The ministry’s evasive reasoning exemplifies the Saudi government’s aversion to being held liable for its actions, as well as the pervasive governing opacity which leaves many Saudis in the dark. Given the Baladi Initative’s activities, and given the Minister’s stated support for women’s right to vote, the ministry’s justification is an insufficient, obscure, unpromising excuse at best.

In Saudi Arabia, government officials regularly utilize excuses of this type to avoid upholding human rights or living up to their international obligations. To arrest women’s rights, for example, officials have blamed the country’s conservative clerics, illustrating them as kinds of puppet masters when it is the officials themselves who are holding back progress. The late King Abdullah was remembered as “a reformer who’s promoted women’s rights,” while being forced to “contend with religious conservatives – whose support helps keep him in power.” That King Abdullah imprisoned four of his daughters for their outspoken support of women’s rights, however, doesn’t fit this narrative.

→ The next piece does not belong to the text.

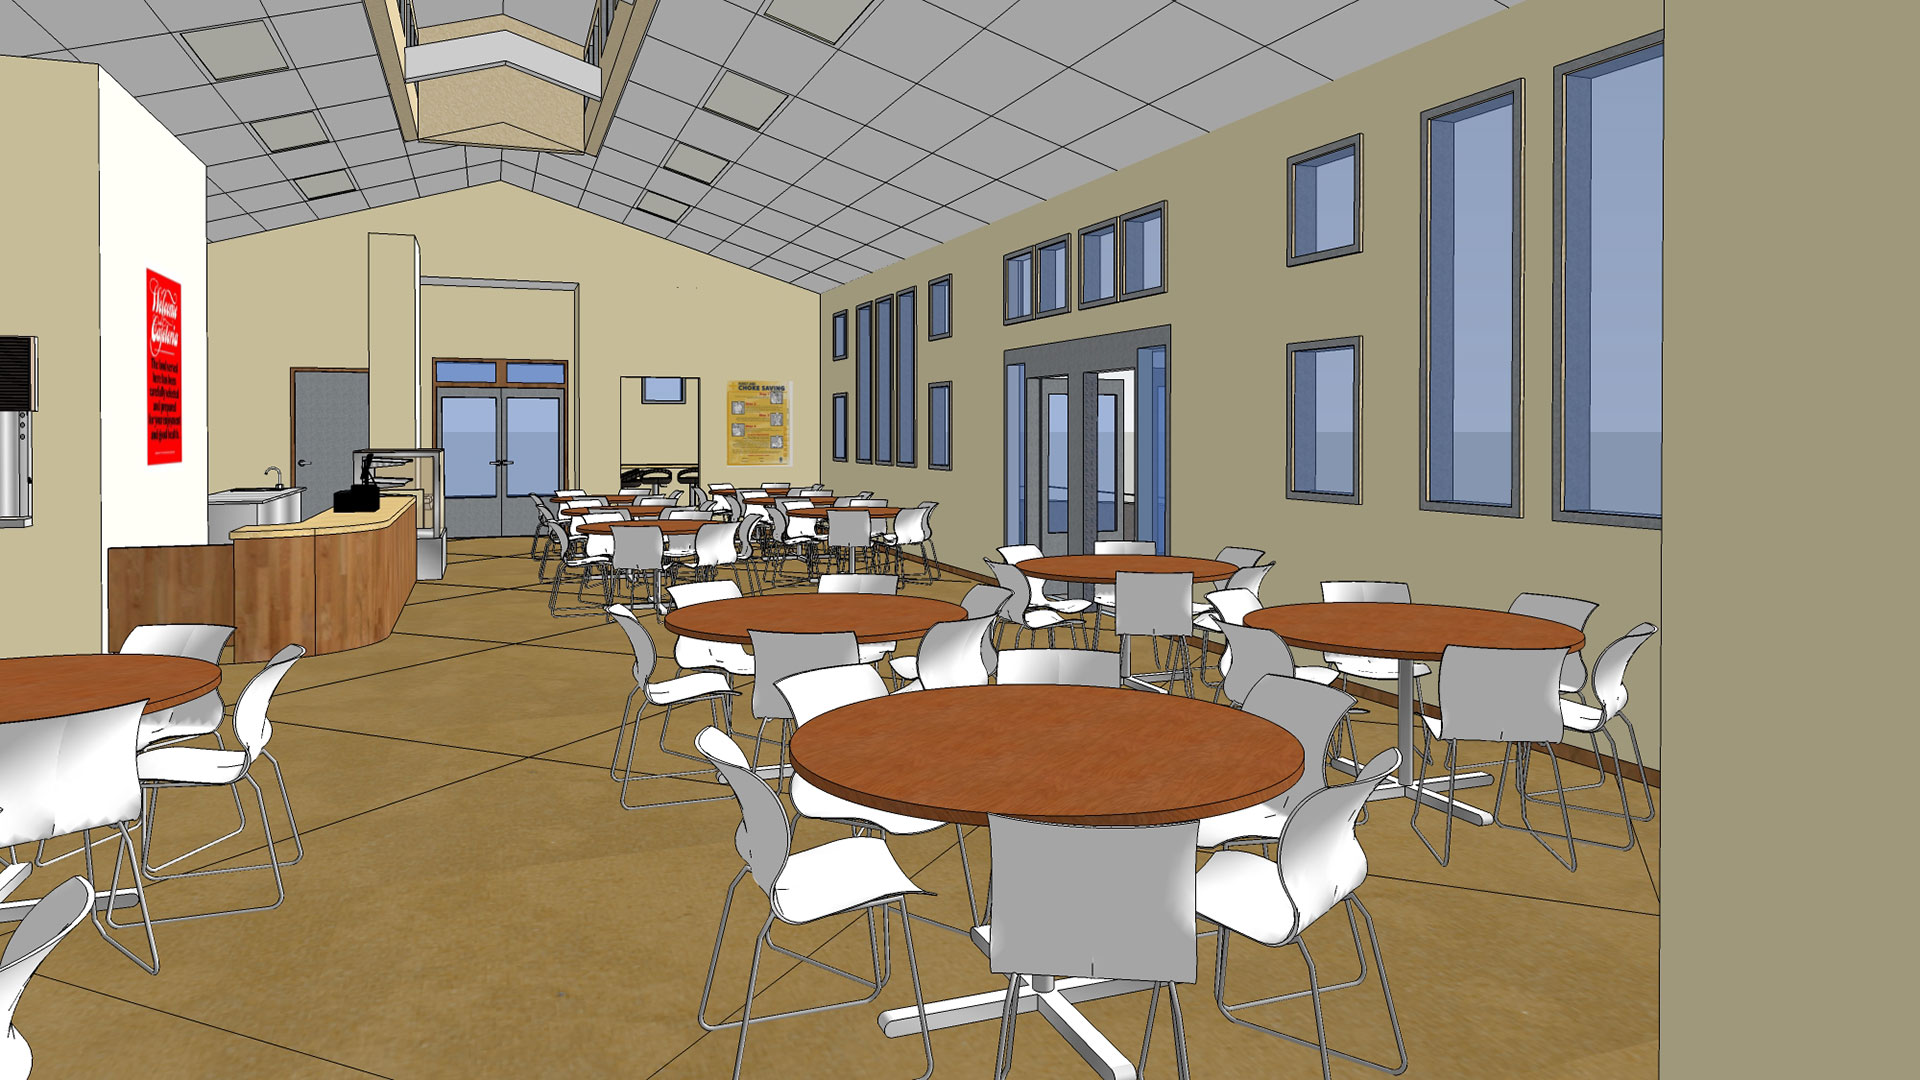 Rendering of cafeteria interior, greatly resembling the final built building.

With the government already having announced that women’s participation in the upcoming elections does not conflict with Sharia law, another excuse was needed to curtail women’s democratic empowerment. Licensing and imagined commercial malfeasance will have to do. When the Saudi government offers opportunities for female advancement, or any type of gender-equalizing pro-democracy reform, only to revoke them, it does not send a message of strength or cohesion. A government that wants votes without voter education is concerned only with the style of reform, not its substance.